Friday, January 13, 2006

Dad, I'm 14

“This is what the teenage boy said as his dad took him to the skate park for lessons last Saturday morning. The dad was insisting that teenage skater boy wear knee pads. “Dad, I’m 14.”

If you were there, you would interpret this, not as a declaration of his age, but a proclamation of his person. I’m 14, I don’t need you to tell me what to wear, I don’t need you to protect me, I don’t need you to treat me like I’m half of 14 (At the same time, skater boy didn’t seem to mind that dad was paying for him to skate that day).

I watched this exchange with great interest. Maybe the fascination comes out of fear that I’ll soon be hearing these words from my own girls. But even more, it was to me a small picture of a broader concept I’ve been thinking through lately:

At what point do teachers/mentors/pastors/parents… let go? And I wonder if we overstay our welcome.

Let me give you two other snapshots…

The first happened at our Emergent West Michigan Gathering this past Wednesday. Isaac, who is from Kenya, shared with us what he’s trying to accomplish in his hometown through reaching the poor and the downtrodden. Isaac’s passion for this is nothing less than inspiring.

Isaac, graciously talked about how he and others are trying to rethink church in their context. The problem seems to be that the established church (to which Isaac showed great respect and appreciation) seems to have not only embraced the Gospel… but also has imported “the American way.” This “American way” brought the gospel, but now seems to have hindered the gospel. “The American Way” rang louder in my ears than this gracious Kenyan said it, but his statement stuck me. Am I aware of the contextual trappings that lace my communication of the Gospel? And is it helping or hurting?

I believe that we cannot get rid of our contextual dye in a Gospel message. Part of me doesn’t want to, because, as one friend reminded me, this is the fabric of incarnation… Jesus comes to us… in a context. Pure context-free gospel is really no gospel at all.
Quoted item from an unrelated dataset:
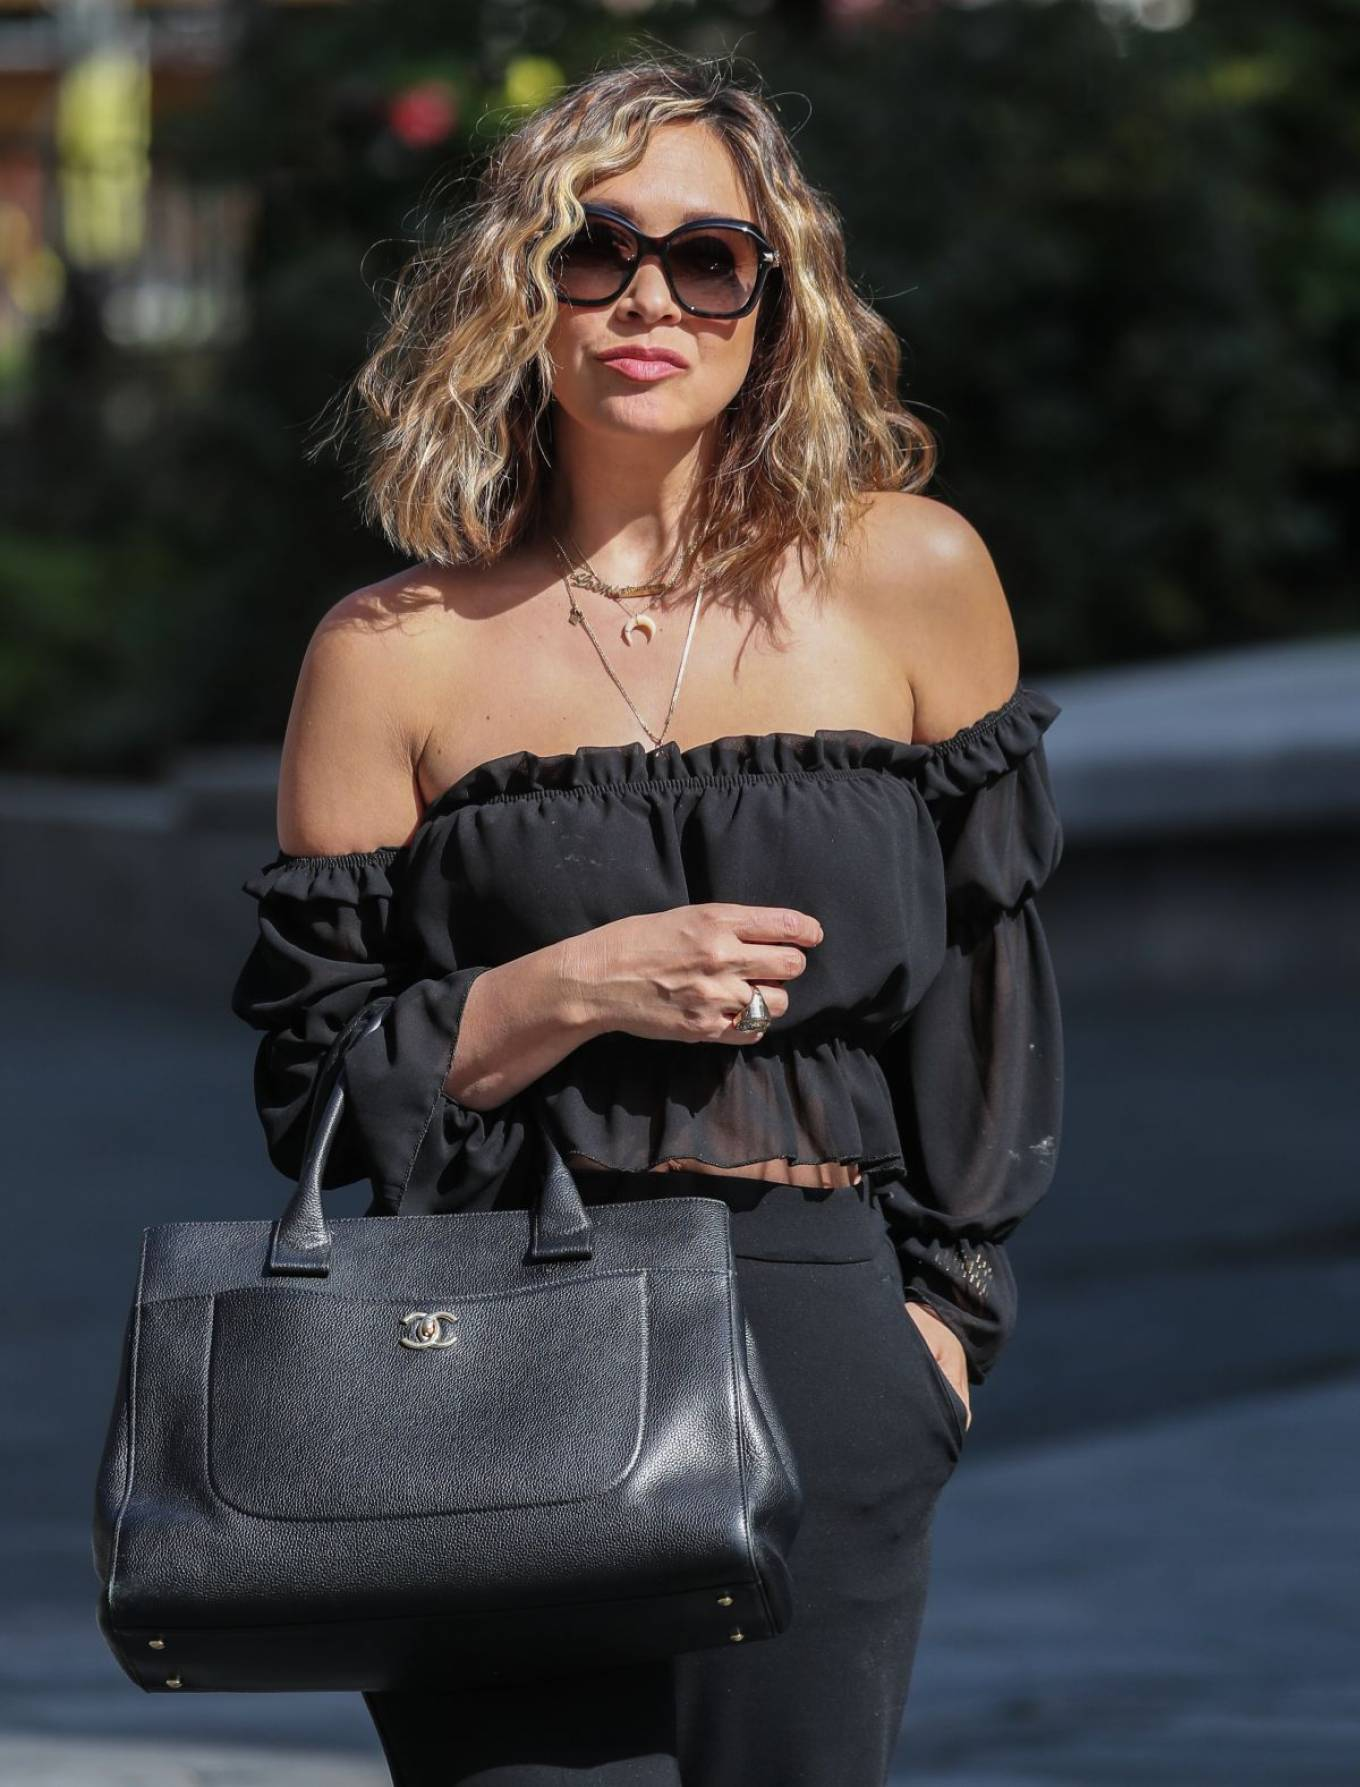 Myleene Klass - Looks classy while arriving at Global Studios in London

And at the same time, can the dye be so dark in our Christian fabric that the gospel gets lost or discolored?

So maybe the issues isn’t getting rid of context (because we can’t) but rethinking our timeline of influence.

The second snapshot comes from a book recommended to me by a colleague and one we’re using for our Theology of Youth Ministry Course at GRTS. It’s called “Christianity Rediscovered” by Father Vincent J. Donovan. Donovan was a missionary to the Masai in Tanzania and describes his journey of having to deconstruct his cultural trappings as best he could to communicate the Gospel… and his realization that once that Gospel is communicated (and this is more than a simple 4 step message), that the community by the power of the Holy Spirit must wrestle with what the expression of this Gospel looks like. This book was originally published in 1978 but rings so relevant for us today.

Father Donovan states that missionaries should never stay in a community one day long than they ought. Why? Because we’re more tempted to make the Gospel in another culture… like our culture rather than allowing that culture to make it their own, expressing it in their way.

Dad, I’m 14– recognize my teenageness. Don’t discount it.
Exporting The American Way– recognize our east-africanness. Don’t try to change it.
Christianity Rediscovered.

I don’t believe that this means that the “gospel is up for grabs” or that “anything goes.” Rather, I think there’s a challenge to all “mature followers” to not be so quick to expect another’s path toward faith be the same as theirs’. I think it means that there are points in life when we “let go” and stop trying to control the situation. I think this forces us to faithfully communicate the Gospel, aware of our contextual dye, and careful to not overextend our stay.

I think this goes for parenting.
I think this goes for youth ministry.
I think this goes for politics.
I think this goes for teaching.
I think this goes for pastoring.
I think this goes for friendship.

Oh… and this is really hard. I’d like to say it’s hard because I love other people and don’t want them to “make mistakes.” But I think it’s also hard because it challenges my own perspective on the world and reminds me of my own distortions.

Incidentally, I saw skater teenage boy wearing knee pads an hour later. I think he discovered that they weren’t a bad idea after all. The cool thing, is that he chose to wear them on his own rather than because his dad made him.

Where in our own worlds have “overstayed our welcome?” Where have we also refused to go and need to… to be changed ourselves?

Peace Friends. Have a great weekend.

1 Comments:

At Sun Jan 15, 11:53:00 PM GMT-5, Blogger salttheplanet said...

Steve,

This is a continual struggle I have as a 25 year old guy who sees such amazing potential and power in high school students while struggling with the "adult perception" of them as lesser.

This really puts to words a regular challenge of youth ministry. Balancing the letting go (both parental and my own) and the teaching/raising we have been called to.